SOSA has added a new backplane concept to the VPX standards that adds apertures, Rodger Hosking, VP and co-founder of Pentek, said. These changes are important for optical input and output (I/O) and radio frequency (RF) signals which can impact radar and EW applications.
“One of the things for taking care of the RF and optical I/O that SOSA has aligned itself with is a new backplane concept where you have apertures or openings in the open VPX data 65 backplane,” Hosking said. “These are called apertures, and they’re intended to allow a more flexible configuration for I/O across the backplane.”
Hosking said it is important for radar and EW designs to have multi-channel RF signal IO, high-speed data converters to digitize high bandwidth, low latency I/O, precision navigation and timing, and precise channel synchronization.
The backplane apertures are a major benefit because the designs can be reconfigured by the system integrator to handle different types of I/O by attaching appropriate housing and connectors that screw into these openings, Hosking said.
Ken Grob, director of embedded computing architectures at Elma Electronic, said the flexibility in backplanes helps provide enough bandwidth and low latency interface types to help support missions.
“This flexibility lets the developer be able to configure the expansion plane the way you need it because it’s really hard to make a backplane that does everything,” Grob said. “So the idea here was to present a backplane that you could just stitch in the expansion any way you need to, and in some ways, you can use this to implement different types of systems.”
Hosking said the backplane radio clock distribution is also really important for radar and EW applications. This is where the timing card is centrally located and distributes high speed.
“This is really important for coordinating the timing between cards and also between systems,” Hosking said. “But there’s even tighter timing control required, and that is for extremely low latency synchronization and triggering for multi-gigabit sample per second data converters. That has to be done in hardware. So there are some new general-purpose LBDS pins signed to the expansion plan added to VITA to support some of these requirements within SOSA.”
While the SOSA 1.0 standards are set to be released this year, they are still evolving.

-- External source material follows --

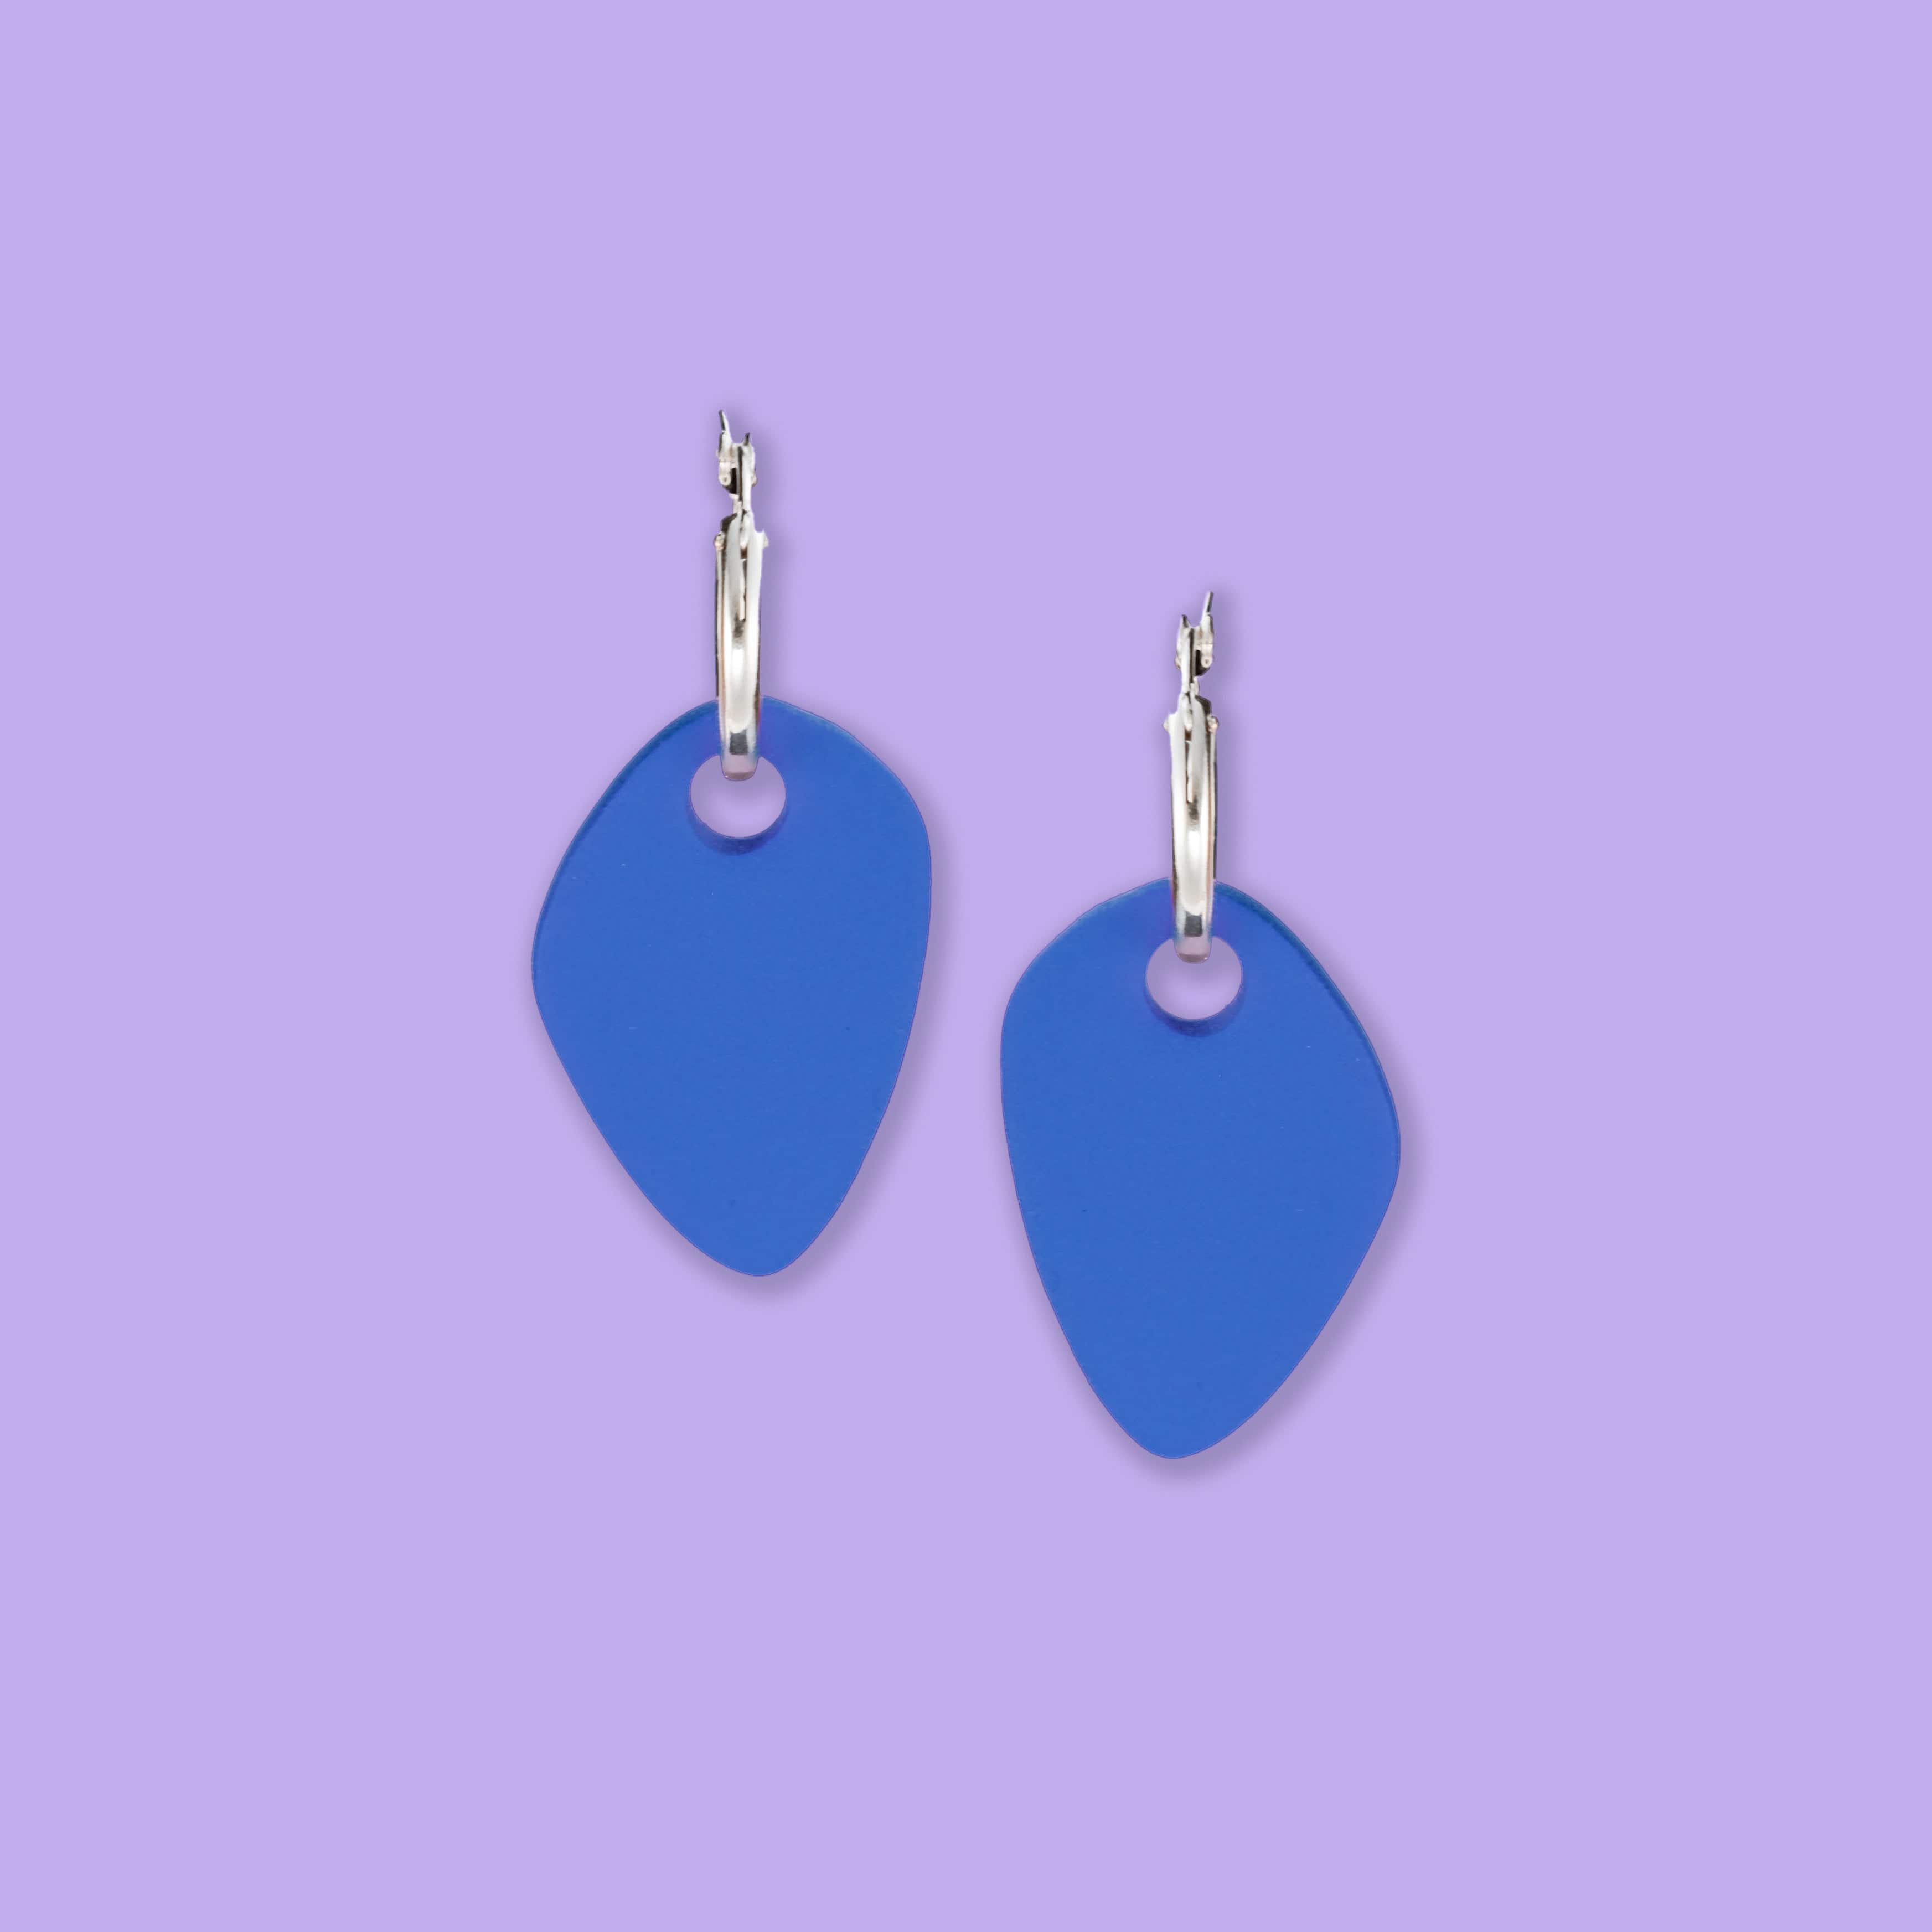 Organic shapes, artistic inspired, lightweight, dangly Calder inspired hoop earrings Calder #color_blue

“It’s still an evolving standard, but it’s clearly driving that change in that market,” Littlefield said. “It’s addressing problems of vendor interoperability, it’s addressing problems of future upgrades, and the basic problem of vendor lock, which is a real serious problem we need to remove from the industry to ease integration. And real the real goal is to enable the market to bring faster upgrades and faster deployment to the world.”